Every industry arises to serve a purpose.  The technology education industry is a fantastic and a growing industry that fills in the current skills gap in coding.  While the intention is to prepare students for a technology-driven future with the skills needed to compete in a post-industrial world, such emphasis on the hard skills may not be sufficient. To compete successfully in the future, it is also important that our society and culture encourage what humans do best – creativity and imagination.  What differentiates the human mind is the ability to think in abstract terms.  To create is more than the ability to draw, paint, write, and play a concerto.  To create is to be able marry elements of multiple disciplines.  As a long-time fan of Leonardo Da Vinci ( I am currently reading “Leonardo Da Vinci“, a fantastic biography by none other than the respected biographer Walter Isaacson),  Da Vinci’ s life  reminds me of the power of the human mind. If somebody 500 years ago was able to change the world with his curiosity, imagination and discipline, what stops us right now?  I believe that the technical skills are a tool much like Da Vinci’s paint brush in the 1400’s, but the real machine that drives us forward is creativity and imagination.   What you do with the technical skills really depends on the limits of your mind.

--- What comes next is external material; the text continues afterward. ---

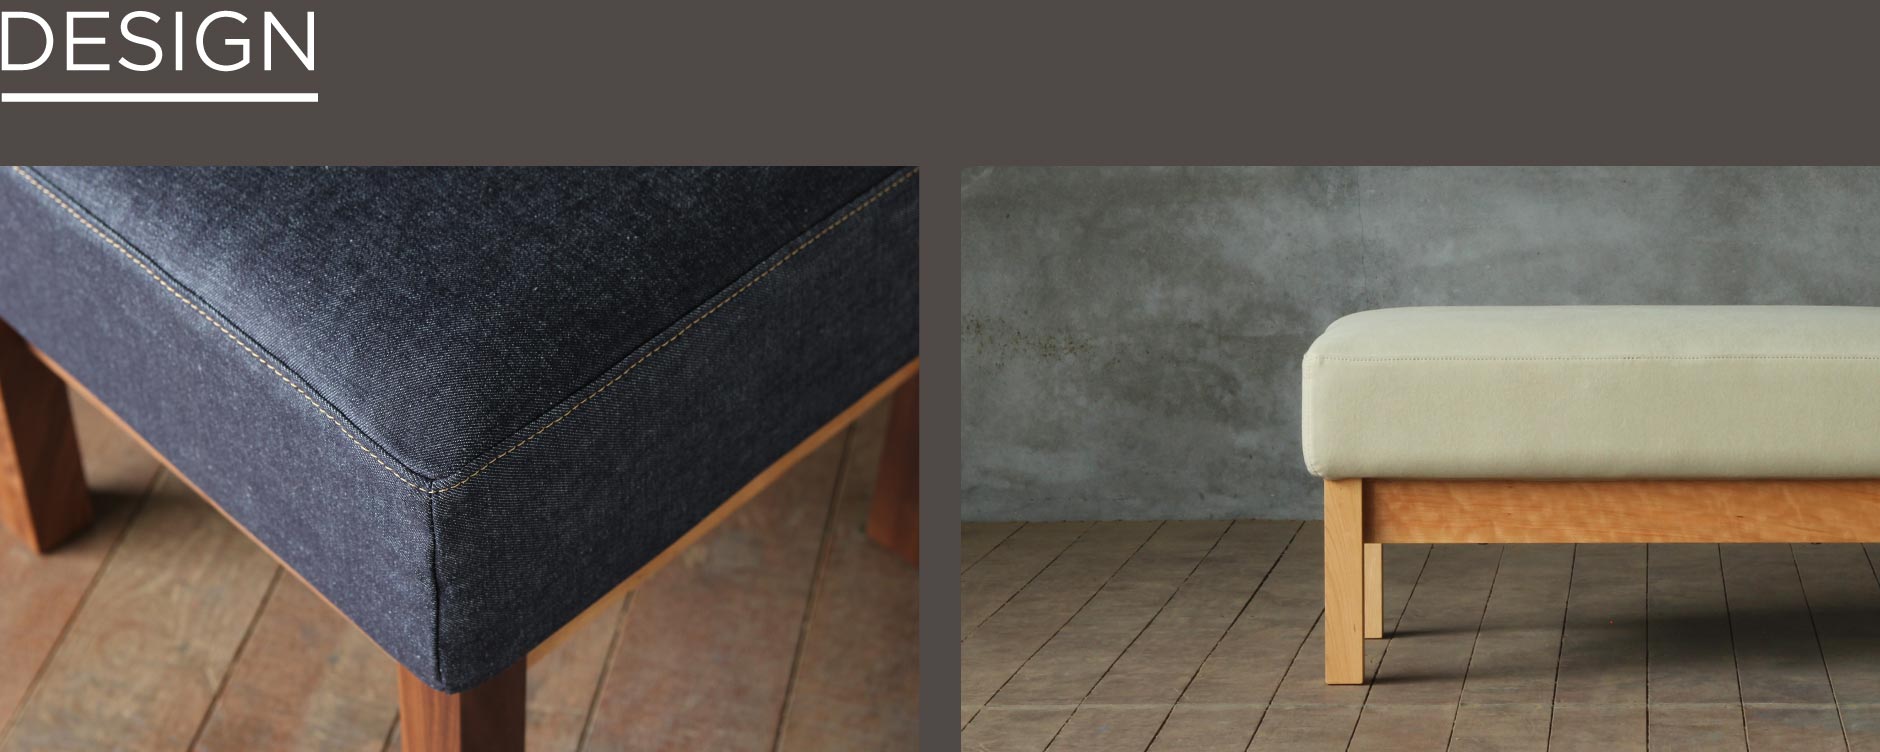 直線的でシンプルなフォルム。高さオーダー可能でどの家具にもイメージが合わせやすい。SOLID横浜でも人気の万能型オットマンです。

There is great value in our new emphasis on technology education. What used to be an obscure field has become accessible to anyone regardless of their previous education background.  In a way, the rise of this new industry has lowered the barrier to entry to an exciting field.  At the same time, we should not lose sight of the fact that each one of us has the power to unleash creativity and imagination with our newfound tools.   And when that happens, it is highly doubtful that we will ever be made obsolete by artificial intelligence.  I am certain that Leonardo will be smiling down upon us.